感動のバトンを持ち続けよう 〜第85回 歯科医師夫婦のつれづれ手帖
歯科医師夫婦のつれづれ手帖は、歯科医院を共に営む夫(真面目なのでここではマジオ君)とともに、医院を訪れる患者さんに自分たちの人となりを知ってもらいたいという気持ちから、2014年から院内新聞の一角に書き始めた小さな文章。
なんだかんだで続いています。
ルールは2つだけ。
1 必ず毎月、どちらかが書く。
2 内容は、歯科治療以外の事とする。(時々ルール違反あり)
第85回 感動のバトンを持ち続けよう
人は、誰かから何かをもらうと、他の人にもそれを渡したくなるという習性があると思う。

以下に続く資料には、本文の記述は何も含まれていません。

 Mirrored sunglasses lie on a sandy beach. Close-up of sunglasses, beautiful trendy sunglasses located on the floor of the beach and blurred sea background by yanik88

一般の読者が投稿するある冊子で見つけた「マスクリレー」という話。スーパーでマスクを落としてしまい困 っていたところ、後ろから「はい、マスク」と新品のマスクを手渡してくれた方がいたというのだ。それだけでも嬉しかったのに、その方はなんと「はい、これも。おニューだよ」ともう一枚差し出した。 「え、一枚で十分です」驚いてそういうと、「これは予備。今度誰か困っているのを見たら、渡してくれ るかな。「マスクリレー」よ」。それ以来、この作者は毎日5枚入りのマスクを持ち歩くようになったそ うだが、まだ「次の走者」は現れていないとか。それでも、鞄の中のマスクを見るたびに、「いつか私 も」と優しい気持ちになるそうだ。

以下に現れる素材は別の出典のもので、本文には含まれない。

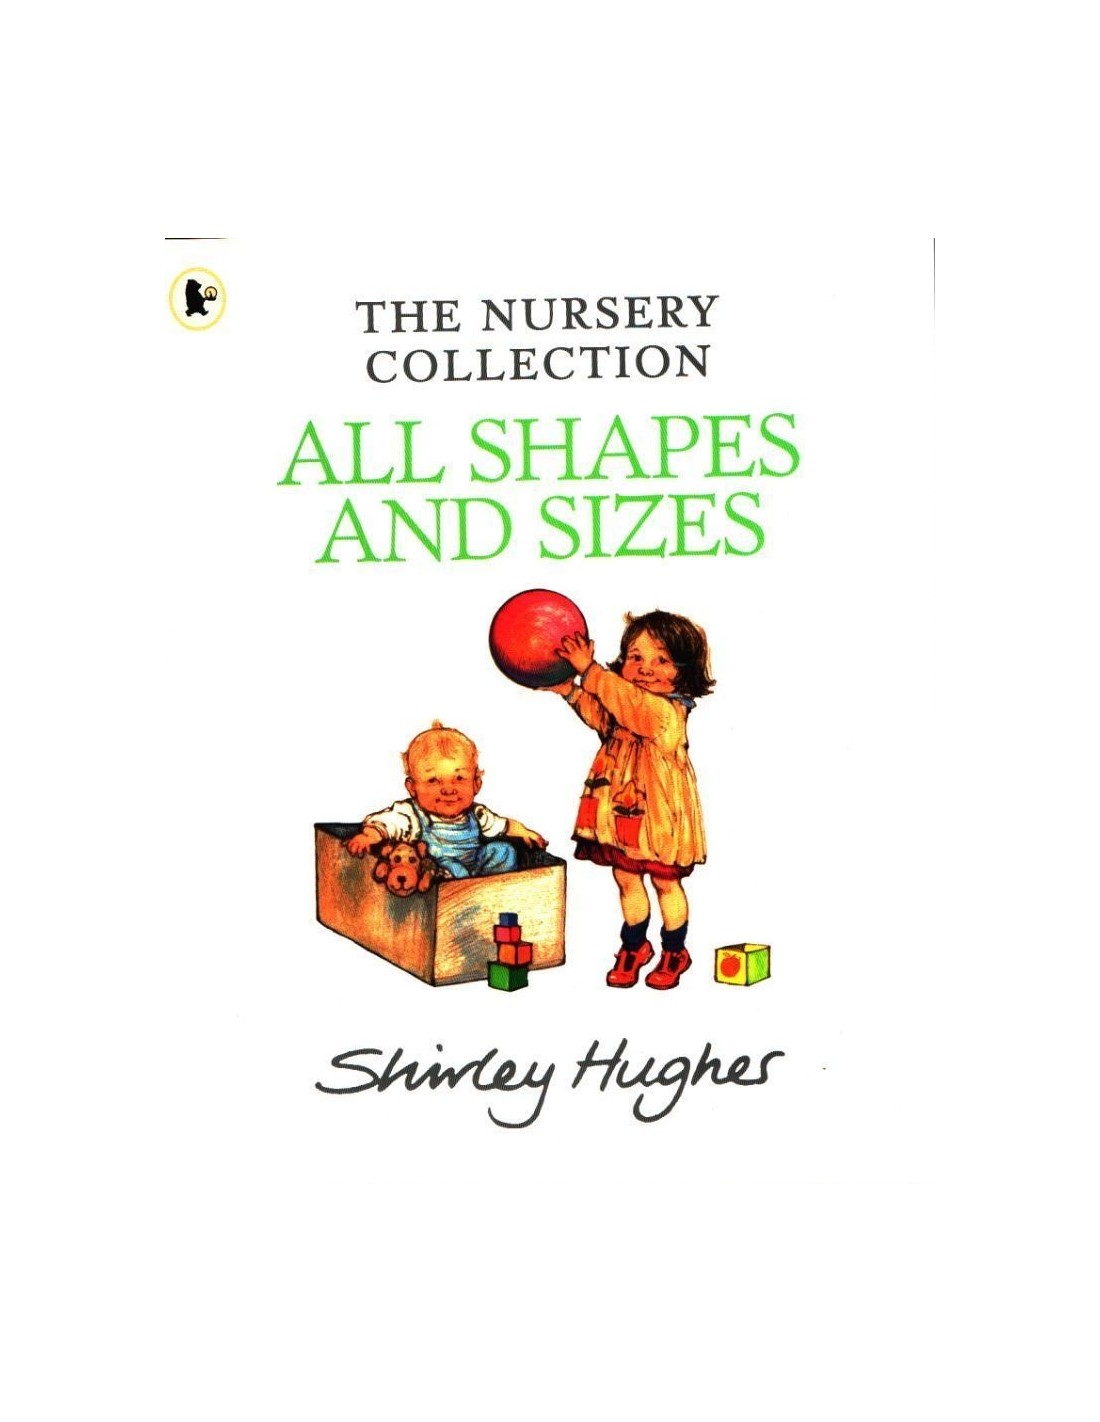 THE NURSERY COLLECTION: All Shapes and Sizes

この話を聞いて、昔、ロンドンの地下鉄の中に貼られていた利用者による「地下鉄エピソード」の一話を思い出した。ある医学生の若者が、電車の中で来たる試験に備えて問題集(イギリスの医学部でよく使われる本で、 医学生たちがつけたニックネームがあるのだがどうしても思い出せないので、仮に「ラビット」とする)を開いていた。緊張と不安で押しつぶされそうで、おそらくすごい形相でラビットと向き合ってい たのだろう。誰かが肩を「トントン」と叩くまで、自分がどこにいるのかさえも忘れていた。顔を上げると、中年の紳士が目の前に立っていて、「ラビットか。懐かしいな。大丈夫、絶対受かるよ」と親指を立ててみせた。そのスマイルは本当に優しく自信に溢れ、厳しい試験を前に自分を失いそうになっていたその学生は、思わぬ先輩の登場に勇気を取り戻したそうだ。
その後医師となって10年ほどたったその元学生は、「私はあれからずっと、電車の中でラビットを 開いている学生を探し続けている。」と話を結んでいた。自分が受け取った勇気のバトンを、同じ境遇の若者に渡したいと思いながら、10年もの時間を待ち続けているという話に、ぶるっと感動したことを覚えている。

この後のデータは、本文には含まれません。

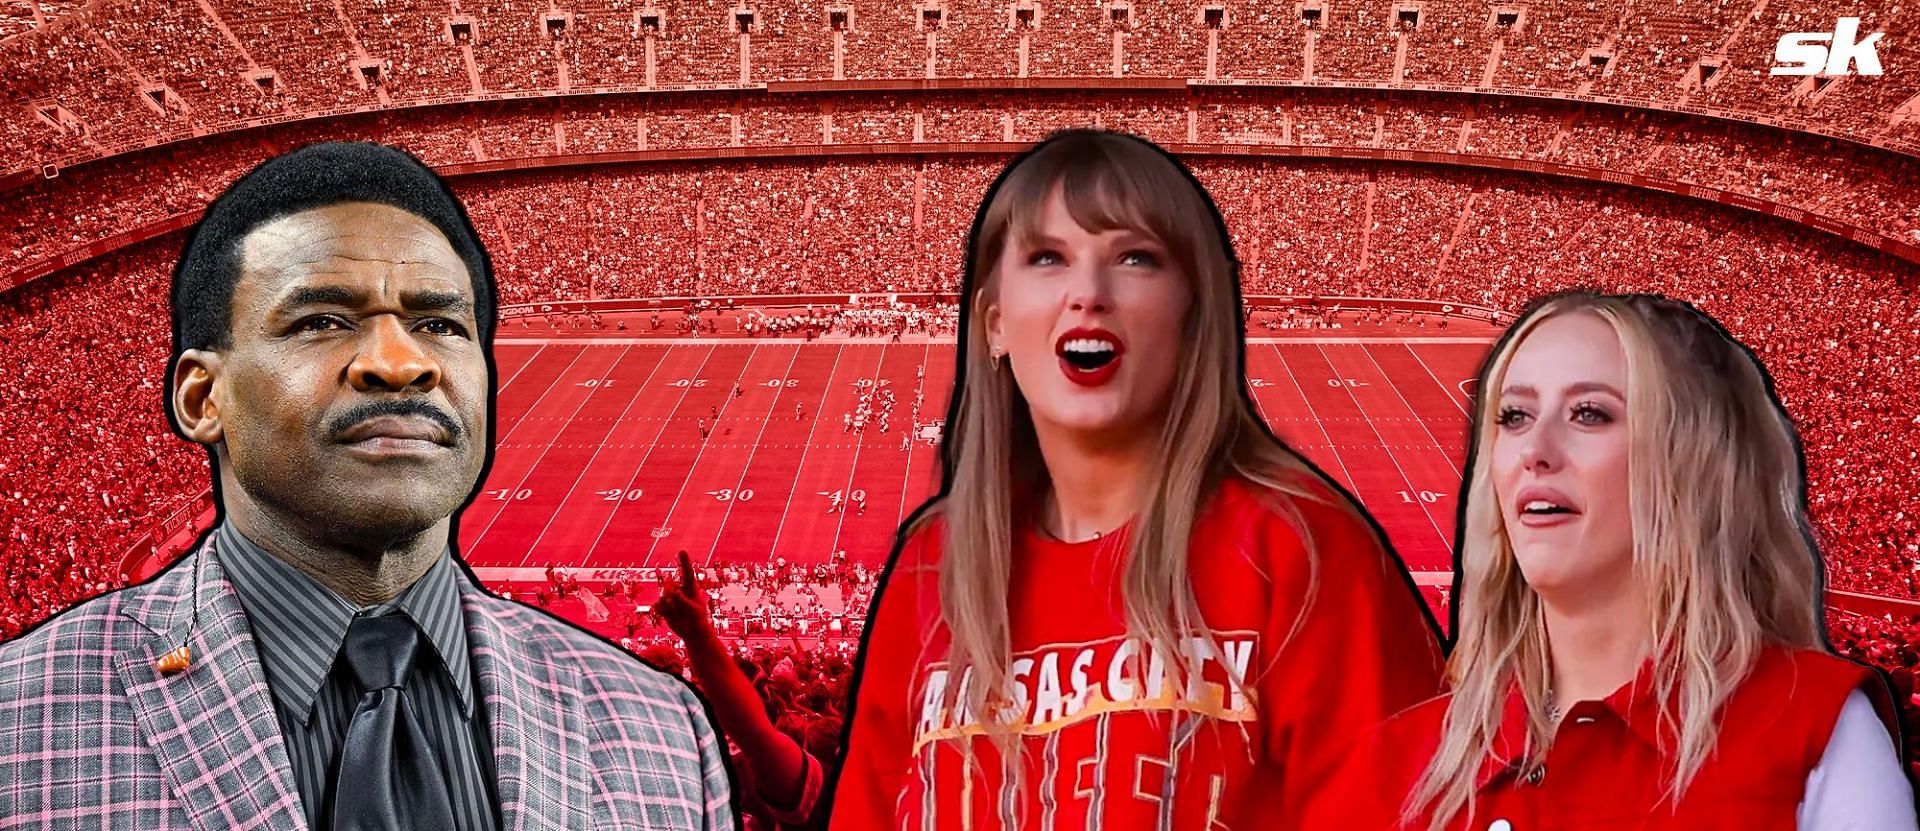 Michael Irvin thinks Brittany Mahomes is faking a friendship with Taylor Swift

人から温かい何かを渡されたら、それをまた誰かに渡したくなるのは人の常。実際にそれをする のは案外難しいが、「その時」を待つ時間もまた幸せ。それに、「自分も」と思ってもらえることを誰かに渡すことができればそれは渡した本人にとってもこの上なく嬉しい。「情けは人のためならず」 である。(文 のあみ)
どうしても思い出せない「問題集」の名前
ロンドンの地下鉄「Tube」は、東京の地下鉄に比べると小さくて、とても狭い。今はどうかわからないが、東京の地下鉄のように広告のチラシや、モニターでCMが流れたりすることもなく、シンプルなものである。そんな中で、地下鉄にちなんだエピソードが車両のいろんなところに貼られる、というイベントにでくわしたしたことがある。今回紹介したのはその時に見つけたものの一つで、医学生の大変さは世界中どこでも一緒なんだなと思ったと同時に、最後の一言にとても感動し、それから何年も経った今も思い出す。しかし、どうしても思い出せないのがこの「問題集(もしくは参考書)の名前。イギリスの医大生なら誰もが知っているもので、皮肉を込めた可愛らしいニックネームがつけられていたとその文章にはあったのだが、そのニックネームがどうしても思い出せない。Rat and Cat ? Rabbit and dog? そんな感じだったと思うのだが、どんなにグーグルで検索してみても、それらしい名前は見つからず、あれは幻だったのか?とまで思う。
もし、このブログをみて、「あれのことかな?」と心当たりがある方がいたら、教えてほしい!
まあ、わかったからどうなるということでもないのだが、幻を院内新聞に書いたわけではない、と思って安心したいので、ぜひご協力を(^-^)。